# Which HomeCentre is the biggest? Also, when do Ramadan sales start?



## scp (Apr 27, 2009)

We need furniture and appliances for our new home and are hoping to take advantage of the Ramadan sales- will they be on this weekend or should I wait towards the end of Ramadan? 

We'll definitely need some things this weekend and are hoping to find something without having to go to too many stores (we checked out the furniture shops in Sharjah including Pan Emirates and didn't have much luck there). I've heard of HomeCentre- which one is the biggest one in the area? Also, do the pricess vary much from Sharjah? Any other recommendations for a big furniture/appliance store (aside from IKEA)? Thanks!


----------



## Jezza (Jan 11, 2009)

hi SCP,

I'm in a smilar situation.

I've been to PAN Emirates in Al Barsha which had a few some reasonable items at a good price. I've heard that there is a 70% disount on the stores in Sharjah ( how big is the store there and do they have a good selection of items ?

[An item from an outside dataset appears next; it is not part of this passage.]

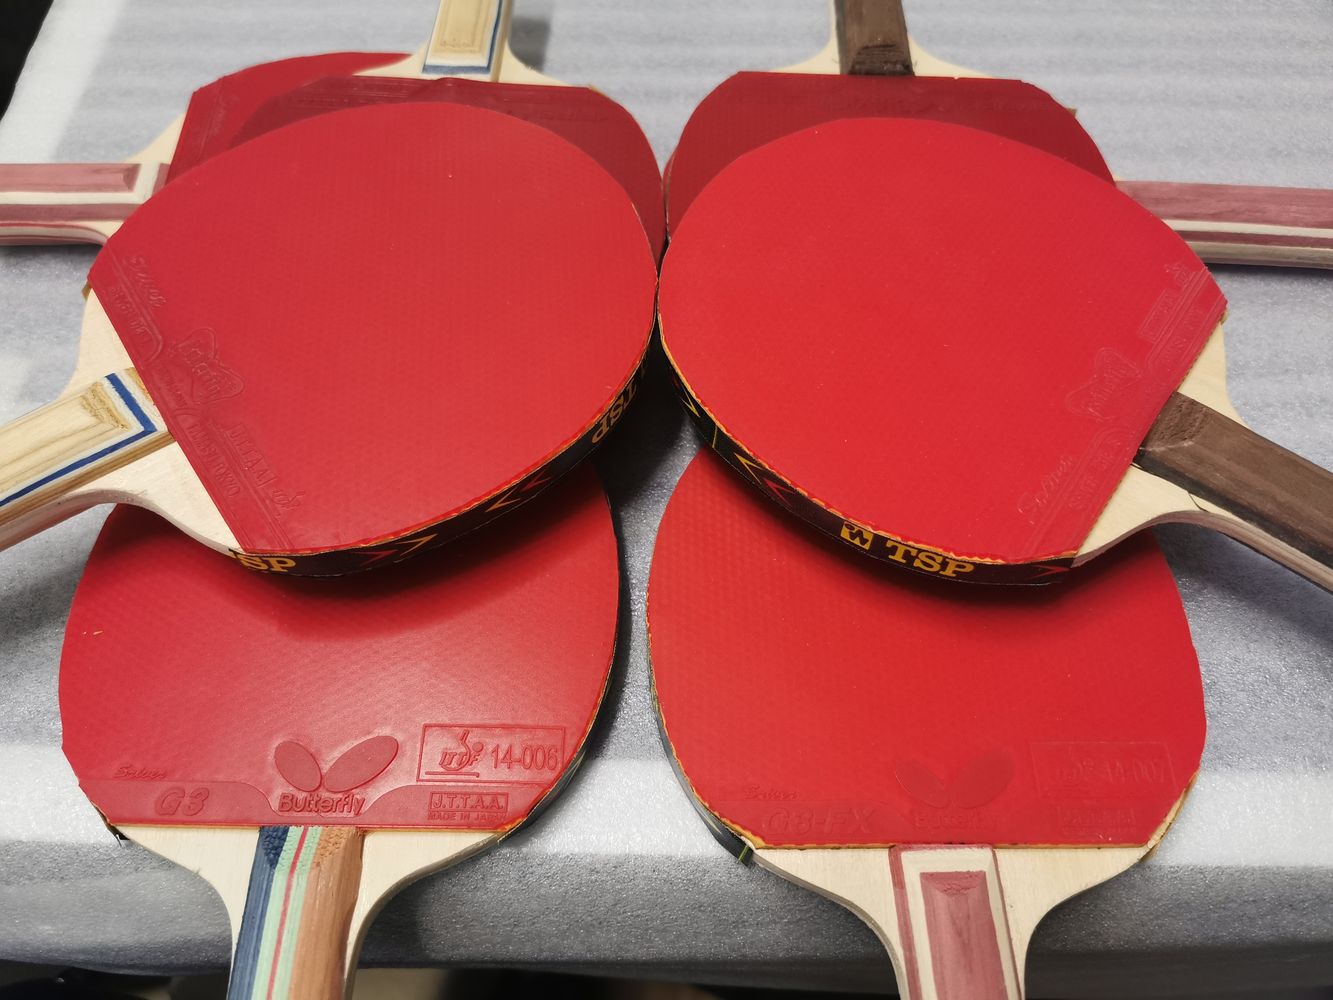 TT-GURU Midi-Schläger mit gebrauchten Belägen » Tischtennis Restposten

I'm going out to sharjah at the weekend. Is it better to go on Friday or saturday ?

cheers,
Jezza


Homecentre had good optoins for dining tables, I didn't like the beds too much.


----------



## stewart (Jun 21, 2009)

They have started just depends where you look.
For furniture go to Dragon mart.
Dont need ramadan sales there.


----------



## scp (Apr 27, 2009)

Thanks Stewart and Jezza,

What specific stores in DragonMart should I go to? I heard that place is huge...

Ended up going to the one near MOE and didn't have any luck. I think we may just end up going to Sharjah. Let us know which stores you end up going to. It's been hard to find something that's simple, yet elegant- and good quality.


----------